According to the United Nations, land areas managed by Indigenous Peoples are among the most biodiverse and well-conserved on the planet. The cultural stories of Indigenous People have embraced sustainability long before the term entered public discourse. Modern environmentalism has been deprived of Indigenous knowledge because our early environmental thinkers, like John Muir, saw nature as something apart from humans. In the Muir tradition, the U.S. government drove tribal people out of Yellowstone, Yosemite, and the Everglades.

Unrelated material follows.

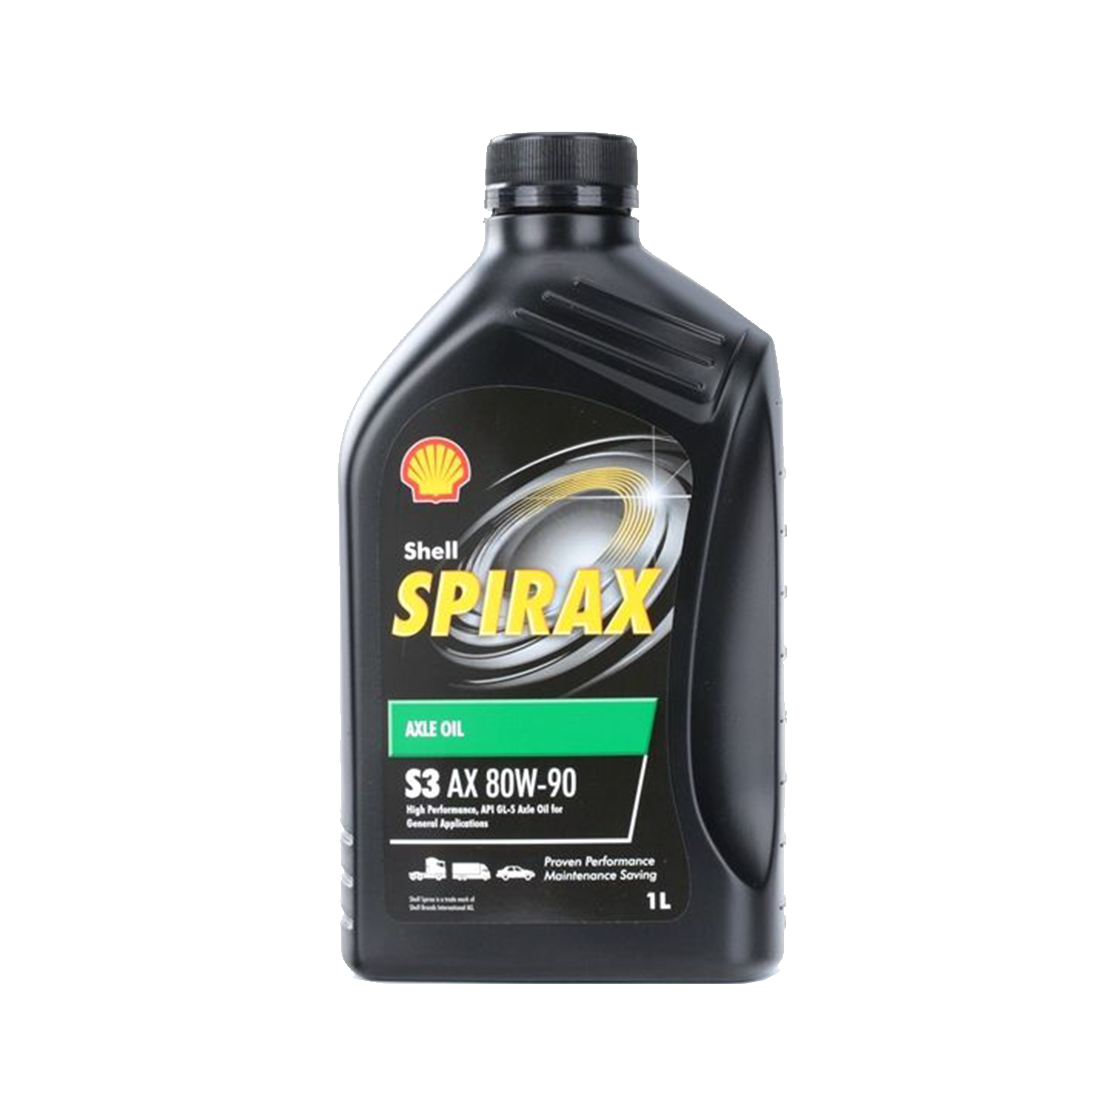 Shell Spirax S3 AX 80W-90, 1L

A recent Washington Post article says,
The federal government created the National Bison Range in 1908 by evicting tribal members from more than 18,000 acres of the Flathead Indian Reservation — ignoring century-old practices for keeping up the bison herd. Only recently has the government returned the land to the Confederated Salish and Kootenai Tribes, whose successful traditional methods for maintaining the herd are featured in a forthcoming ABC documentary, Our America: Rebirth of the Range.
Indigenous peoples around the world are also uniquely vulnerable to impacts of climate and environmental crisis due to their dependence upon, and close relationship, with the environment and its resources. They are often the first to witness disruptive effects: Native Americans confront polluted groundwater and scoured landscapes arising from oil drilling and ore mining; Alaskan natives see diminishing numbers of bears, birds and fish in the Arctic. The environmental impacts (as well as some of the proposed solutions to climate change) threaten indigenous ways of life, lands rights, future growth, and cultural survivability. Their lifeways are tied to local surroundings, making them the first environmental refugees.

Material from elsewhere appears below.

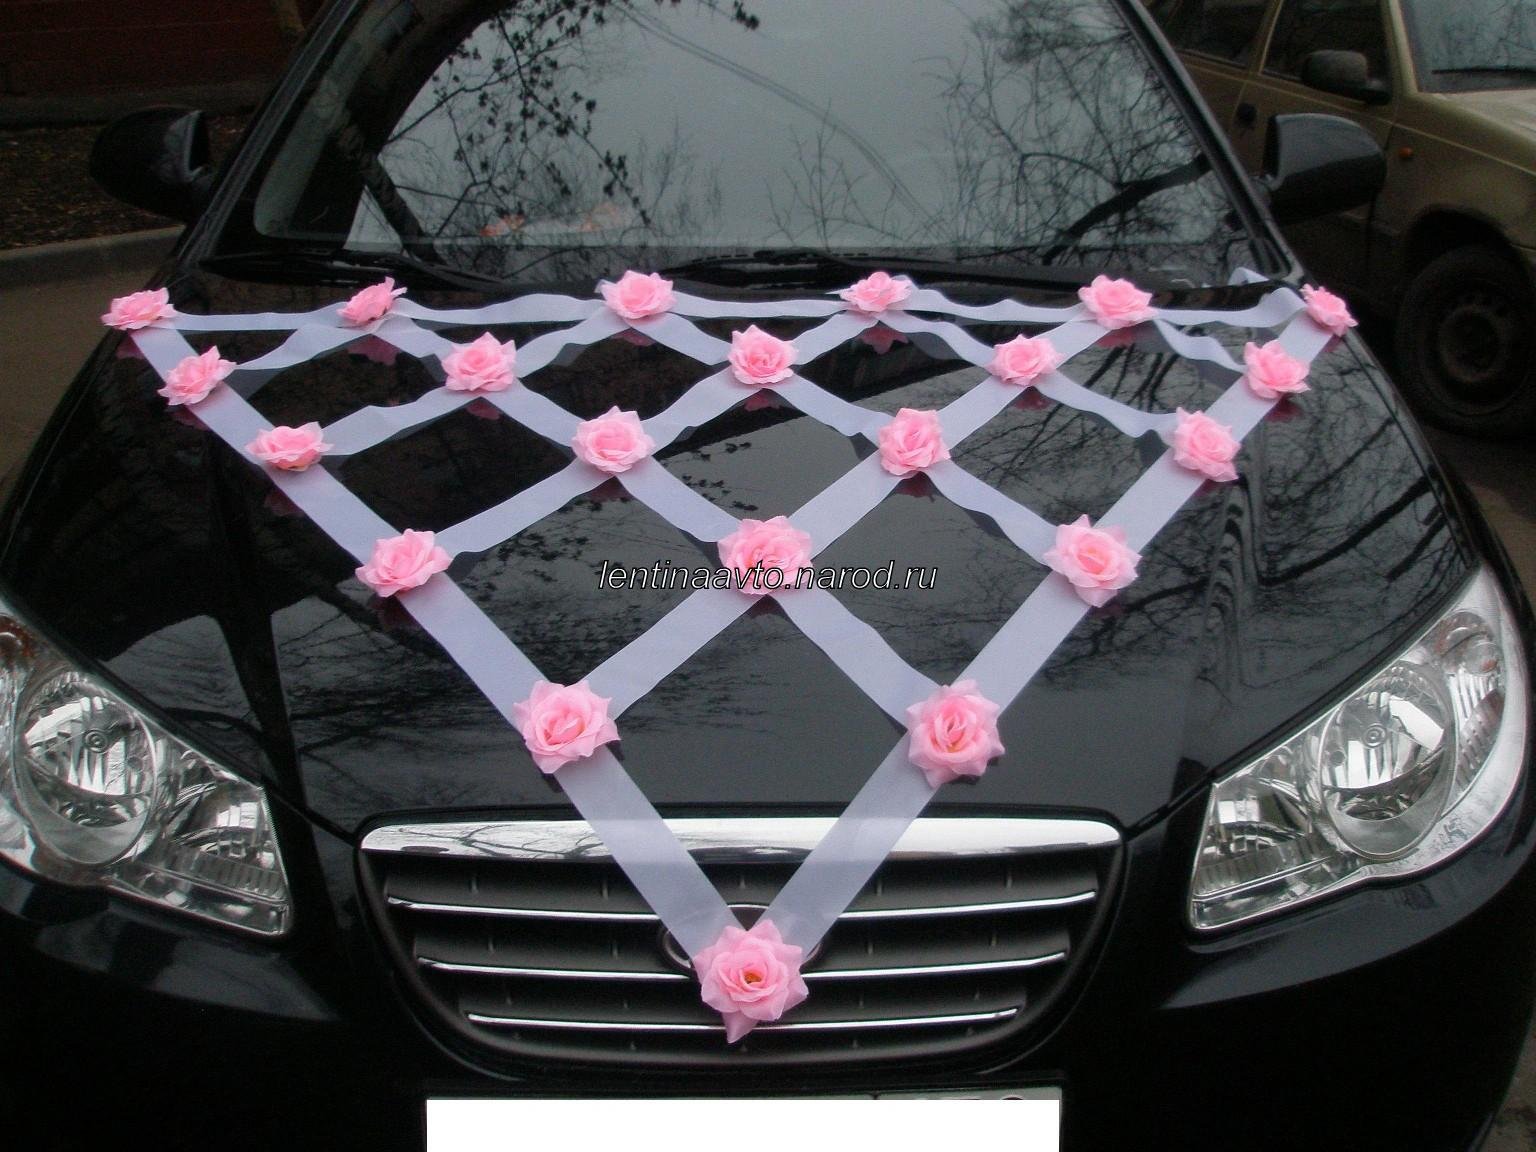 Как украсить машину на свадьбу лентами (46 фото)

“As forest defenders, Indigenous peoples are key actors in stopping the deforestation that is the greatest contributor to carbon emissions. … There is no realistic pathway to slowing climate change without stopping deforestation. Indigenous peoples know this intrinsically – the forest is life. This is true for indigenous communities in the Amazon, Mekong, and Congo regions. It’s increasingly true for everyone else.”

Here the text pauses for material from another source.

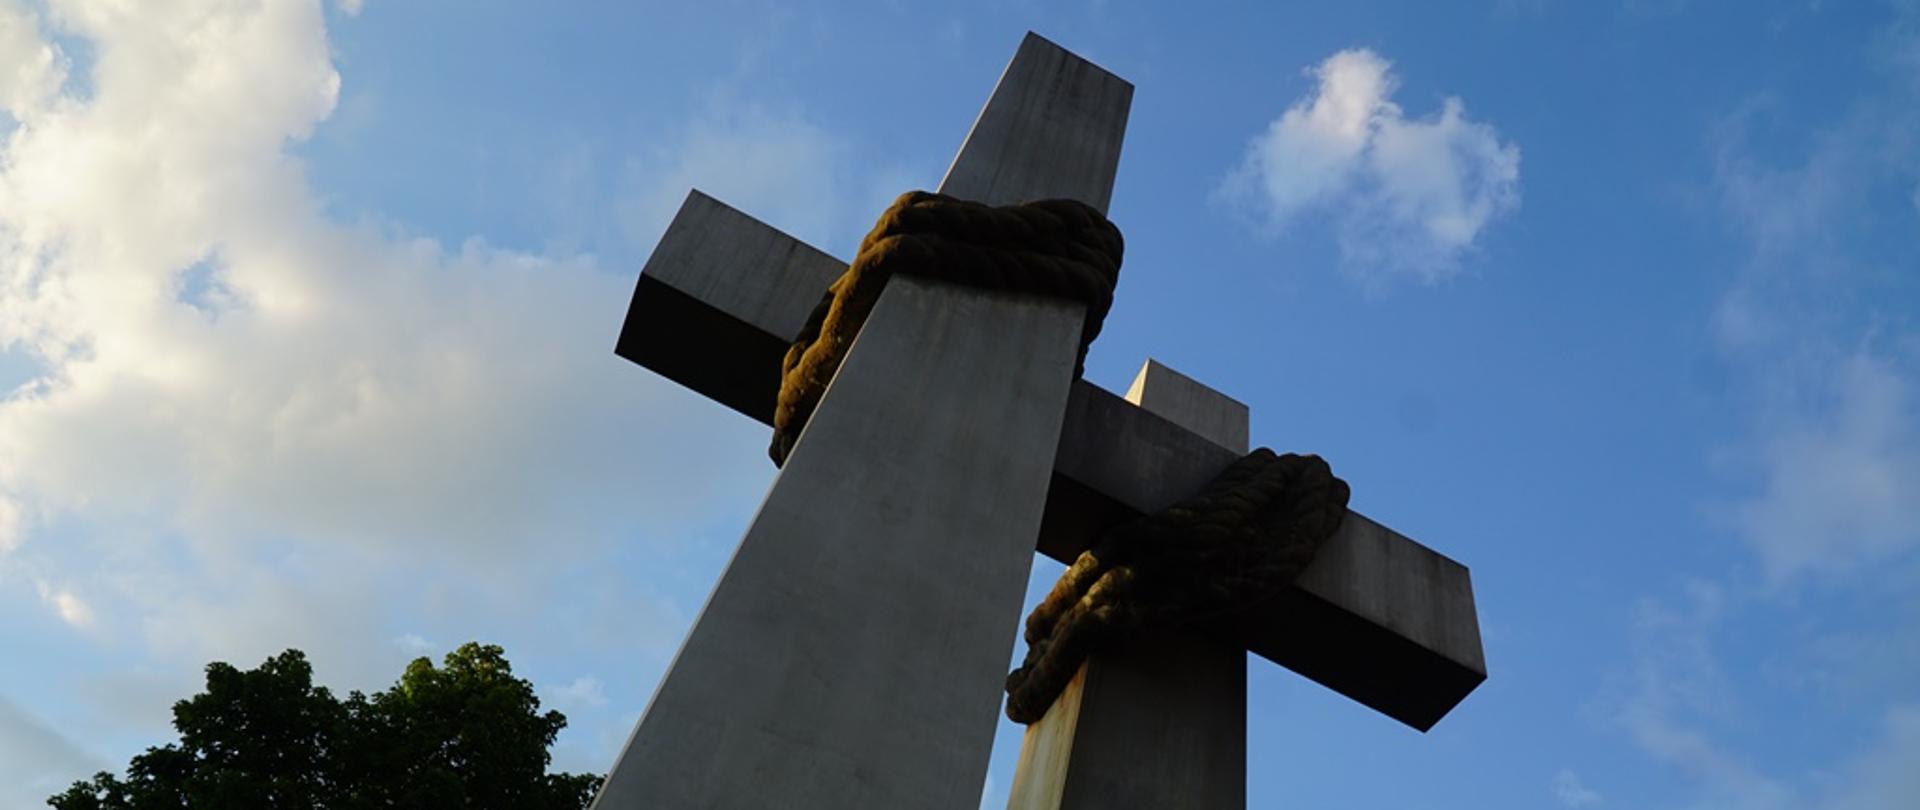 pomnik dwóch krzyży, w tle niebo

The first step in finding unity with Indigenous People is to acknowledge that they are the leaders we should follow: Countless Tribal Nations, water protectors, land defenders, and pipeline fighters, have dedicated their lives to defending the sacredness of Mother Earth. They have developed highly effective campaigns of non-violent direct action, political lobbying, multimedia, and divestment.
Specific things we can do to assist efforts by Indigenous peoples:
- First, we can support their legal challenges to proposed development on their lands.
- Second, we can help raise the political costs, with our votes, to the companies that are attempting to push destructive projects against the wishes of indigenous peoples.
- Third, we can push financiers to not put money into these kinds of projects (those that pollute, de-forest, or support the fossil fuel industry).
The Reciprocity Project is a series of 7 Indigenous-made films exploring the concept of reciprocity in Indigenous cultures, or “the way of life that centers mutual exchange and sharing amongst all beings, past, present and future, seen and unseen, and the Earth.” And through these films and Indigenous perspectives, the project aims to spark conversation and action on the climate crisis.